Even if you want to say “Well I don’t go into a Pirates movie expecting good characters or a solid story!  I just want to have fun!”* You’re still going to be screwed.  While not everything in thePirates sequels work, they at least have the audacity to go big.  There’s a kraken, a long sword fight on a giant wheel, and an intense ship battle inside a massive whirlpool.  Nothing in On Stranger Tides comes anywhere close to that scope.  Rob Marshall is a competent director, but the film illustrates the tremendous contributions that previous director Gore Verbinski brought to the series.  Verbinski knew when to make the scenes operatic, lighthearted, and knew how to pace a set piece.  The chase through the streets of London is lifeless, the fight against the mermaids is too brutal to be enjoyable, and the swordfight between Jack and Angelica is pointless.

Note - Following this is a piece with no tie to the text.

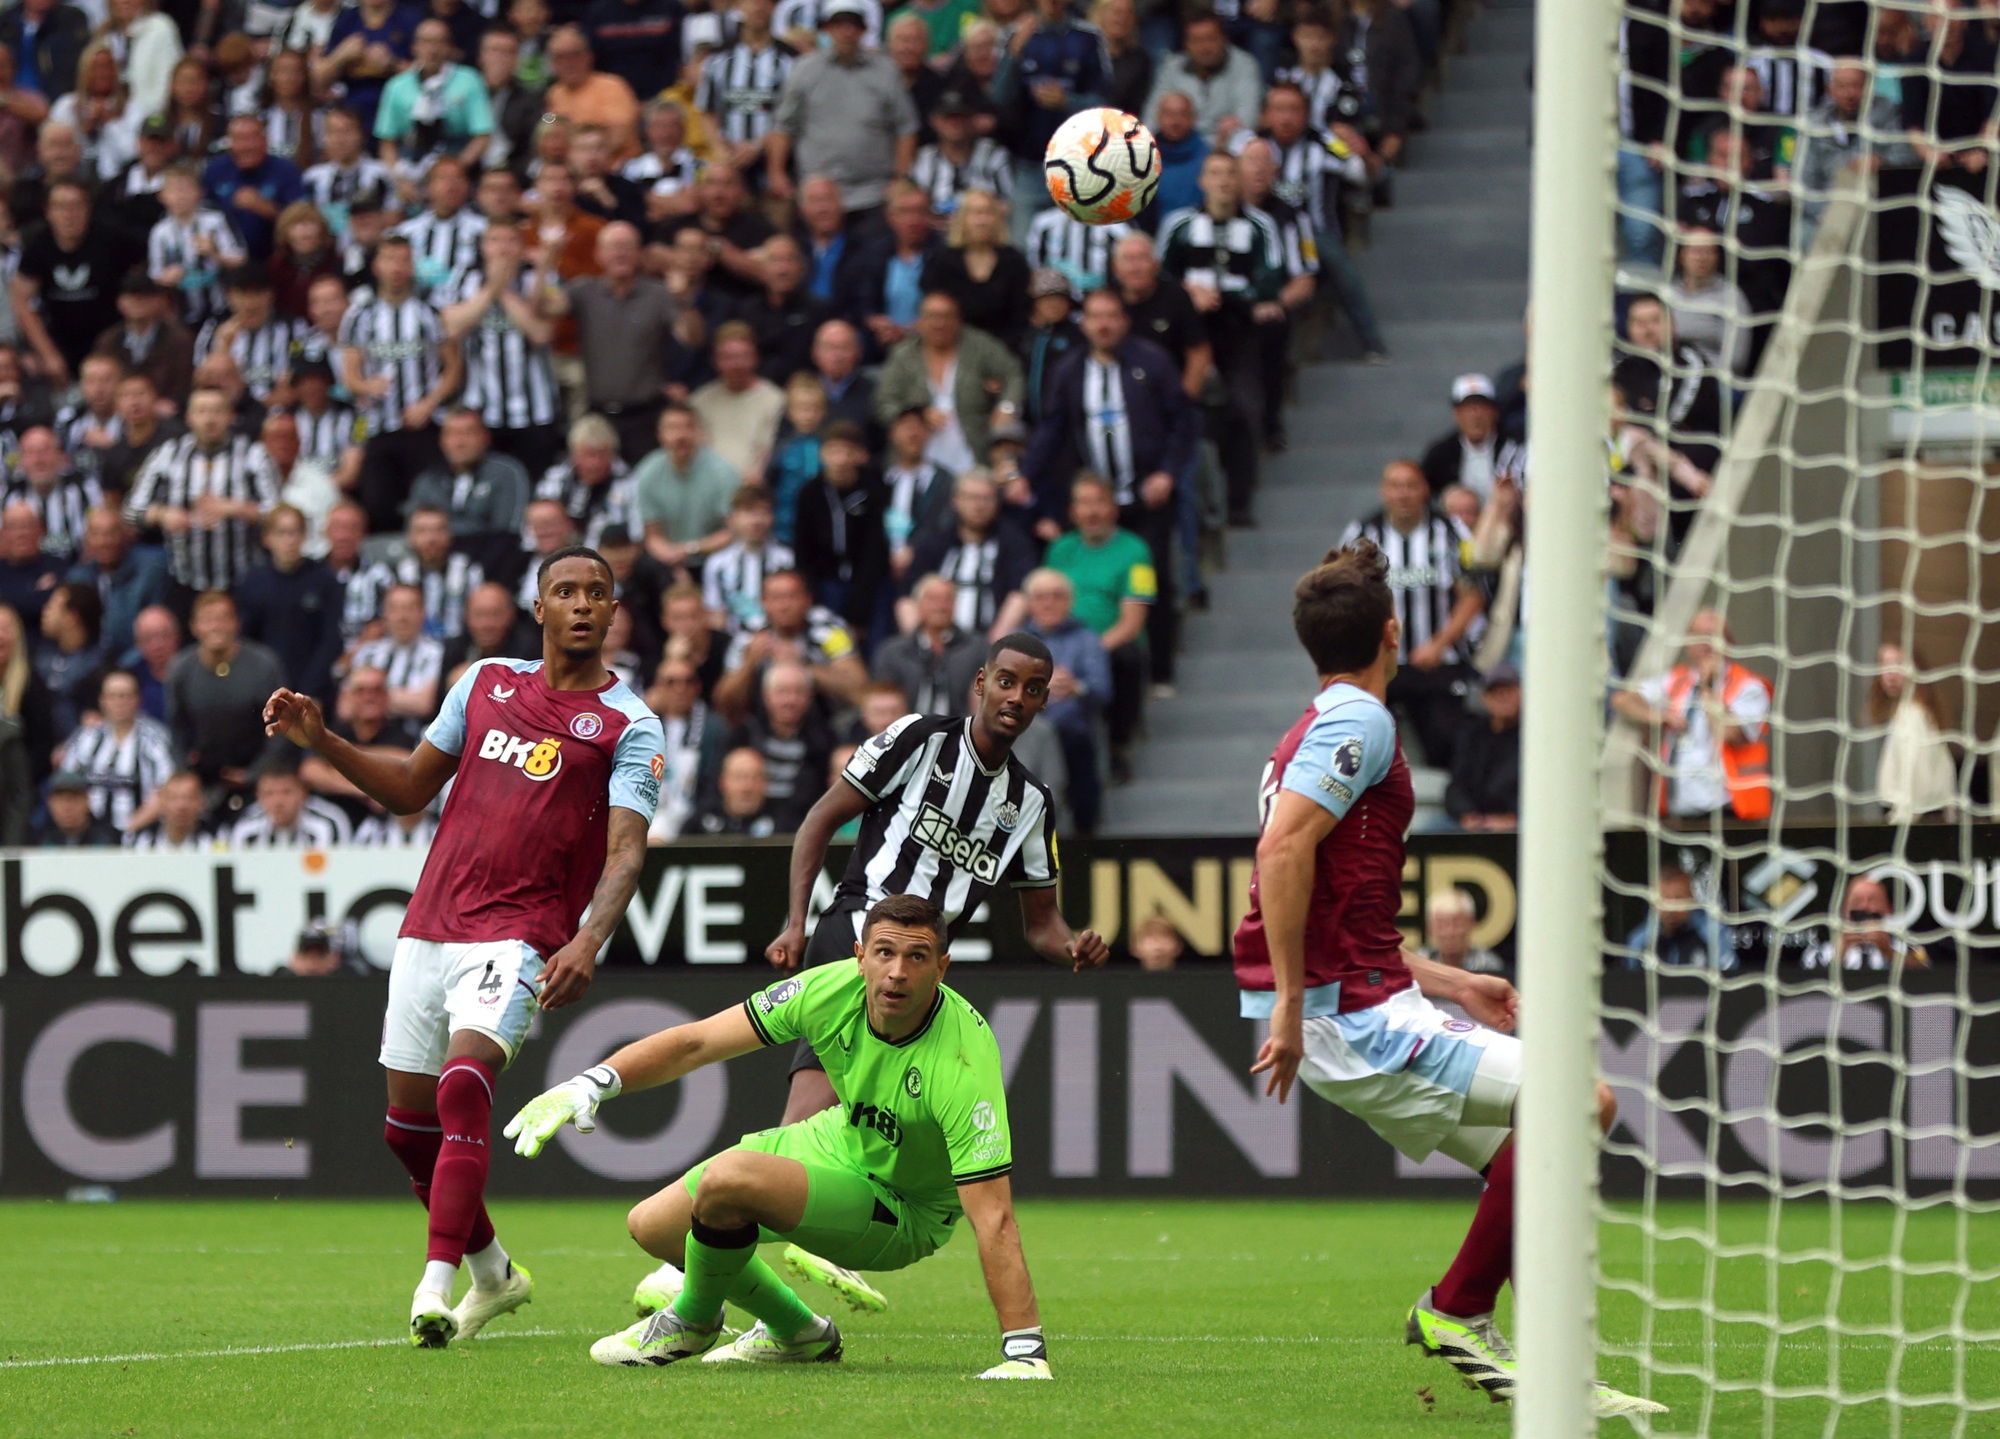 Hạ Aston Villa trận cầu 6 bàn, Newcastle giành ngôi đầu Ngoại hạng - Ảnh 2.

That swordfight also makes the grave error of calling back the first sword fight between Jack and Will in Curse of the Black Pearl.  In Black Pearl, we already had an idea of who Will was and his personality.  In On Stranger Tides, Angelica is impersonating Jack and kept entirely in shadow so it looks like Jack is just fighting himself, but that decision keeps the personality of the swordfight one-sided.  In Black Pearl, the reason Jack and Will fight is because Jack wants to escape and Will wants to make sure that doesn’t happen.  There’s barely any provocation for the swordfight in On Stranger Tides.  In Black Pearl, there’s fantastic choreography and pacing to the fight where it begins slowly, builds to incorporate more elements from the workshop, adds fun banter between Jack and Will, and then ends in a way where there’s a clear victor and we also get a hint about Jack’s pistol with one shot.  The fight between Jack and Angelica is just two swords clanging against each other and then she throws barrels at him like Donkey Kong.  And then they fight with the British army who show up for no particular reason.  And then Jack and Angelica escape through a convenient trap door.  And then they happen to wash up right where zombie pirate is waiting to put a blow dart in Jack’s neck.  And then I checked my watch and saw there was still 100 minutes of movie left.  And then I cried a little.
There are some occasional good jokes in On Stranger Tides and Geoffrey Rush continues to have a grand time playing Barbossa.  But everything else fails miserably.  The movie is a soulless, hollow mess that assumes that if it just throws a bunch of interesting ideas at you (Blackbeard! Zombies! Mermaids! More Jack Sparrow!) it will all add up to a great film.  Instead, the result an absolute disaster that fails to understand how the individual parts of a film need to function together in order to provide a working whole.  Pirates of the Caribbean: On Stranger Tides may try to walk and talk like Pirates film, but it’s a shambling imposter that even the most notorious scalawag would find reprehensible.